Interpretations of the fable began to change after the more nuanced retelling in La Fontaine's Fables, Le chêne et le roseau (I.22). Here the oak has compassion on the reed's fragility and offers it protection, to which the reed politely replies that it has its own strategy for survival, "I bend and do not break". This is then put to the test when a storm breaks and brings the oak's "head that was neighbour to the sky" on a level with the roots "that touched the empire of the dead". Written in the autocratic time of Louis XIV of France, this was so successfully achieved that it appeared to teach the value of humility at the same time as suggesting that rulers may not be as powerful as they think themselves. So current did that sly interpretation become that Achille Etna Michallon's later painting of "The Oak and the Reed", now in the Fitzwilliam Museum (1816, see left), could easily be seen as a reference to the recent fall of the Emperor Napoleon I.

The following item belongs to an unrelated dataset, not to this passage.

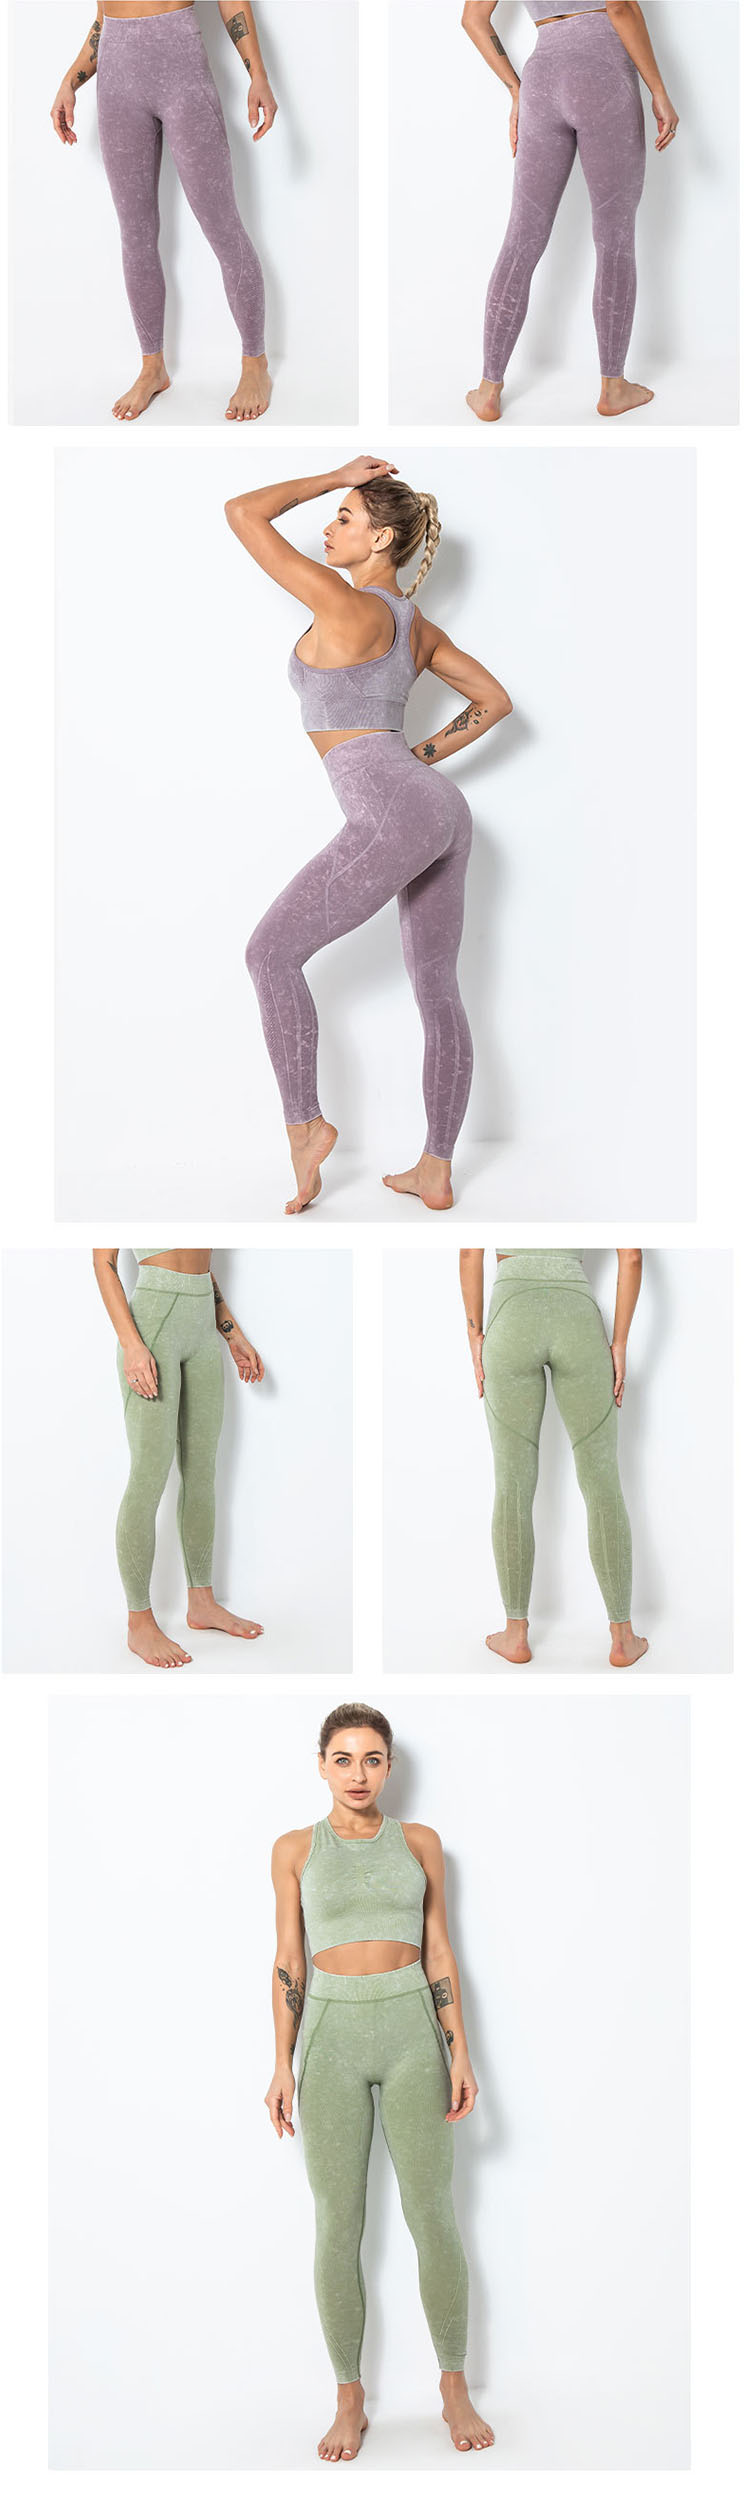 Flexiflow | Active Yoga Apparel – Flexiflow Yoga Clothes and Activewear |  瑜伽及運動裝時尚服飾店
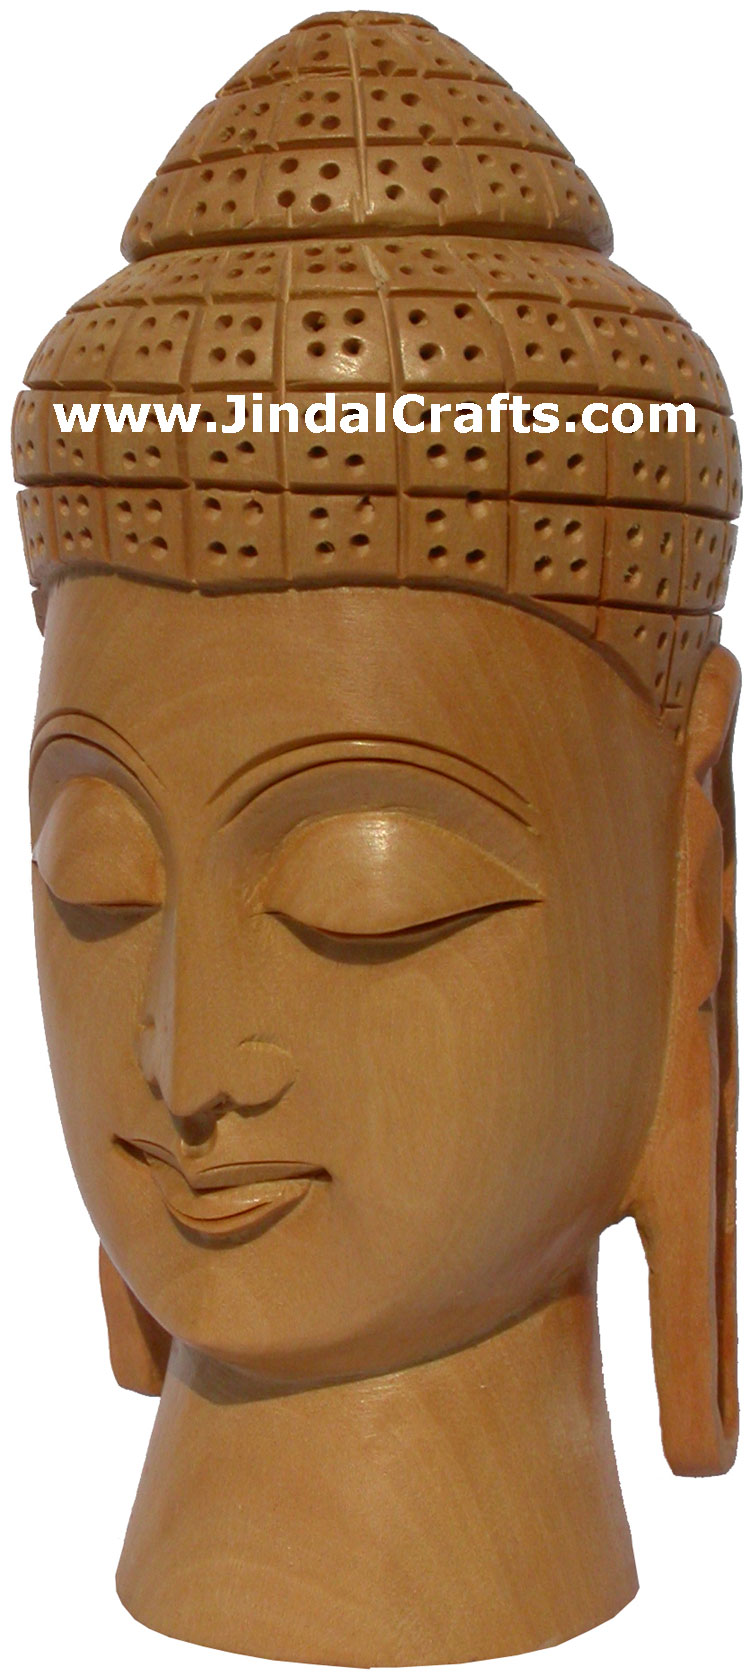 Wood Sculpture Buddha Bust Figurine India Hindu Art Hand Carved Buddhism Crafts

In democratic times, the conduct of the reed came to be seen as cowardly and self-serving and the fable began to be rewritten from this point of view. In Robert Dodsley's collection of 1761 it appears as "The Oak and the Willow", in which the willow challenges the oak to a trial of strength in withstanding a storm. The oak puts up a heroic fight and, after it falls, condemns the willow's conduct as mean and cowardly. An 1802 American rhymed version of this draws the political conclusion even more strongly. Set "within the commonwealth of trees", it presents the two trees as sharing in its government. When a storm "threatens the constitution of the state", the willow cringes acquiescently while the oak goes down fighting, but will not acknowledge the willow as the ultimate victor.
I am an Oak, tho' fall'n indeed!
Thou still a vile and skulking weed,
Rais'd by no merit of thine own,
But by the blast that laid me prone.
Say, if thou canst, what plant or tree,
Except a sycophant like thee,
Devoted to intrigue and strife,
Who'd e'er prefer a dastard's life,
Preserv'd by guile and crafty saws,
To falling in a GLORIOUS CAUSE?

Much the same point was made in Jean Anouilh's reinterpretation of the story in 1962. There the oak asks the reed if it doesn't find La Fontaine's fable morally detestable. The reed's answer is that the limited concerns of 'we little folk' will see them better through testing times than taking the moral high ground. When once again the oak falls in the storm, the reed jeeringly asks if he had not foreseen the outcome correctly. The tree's answer to the reed's envious hatred is simply, 'But I am still an oak'. This stems from the thinking behind another ancient emblem that appeared among the Emblesmes of Hadrianus Junius (1567). Placed before a version of "The oak and the reed" (which is there told of a rowan), it pictures an oak whose branches are stripped by a gale and has the title "The disasters of princes are unlike those of ordinary folk". It is accompanied by a quatrain that concludes "The prince disaster has impoverished/ Retains the honour of his lineage." Nobility of character too is the equal of high parentage.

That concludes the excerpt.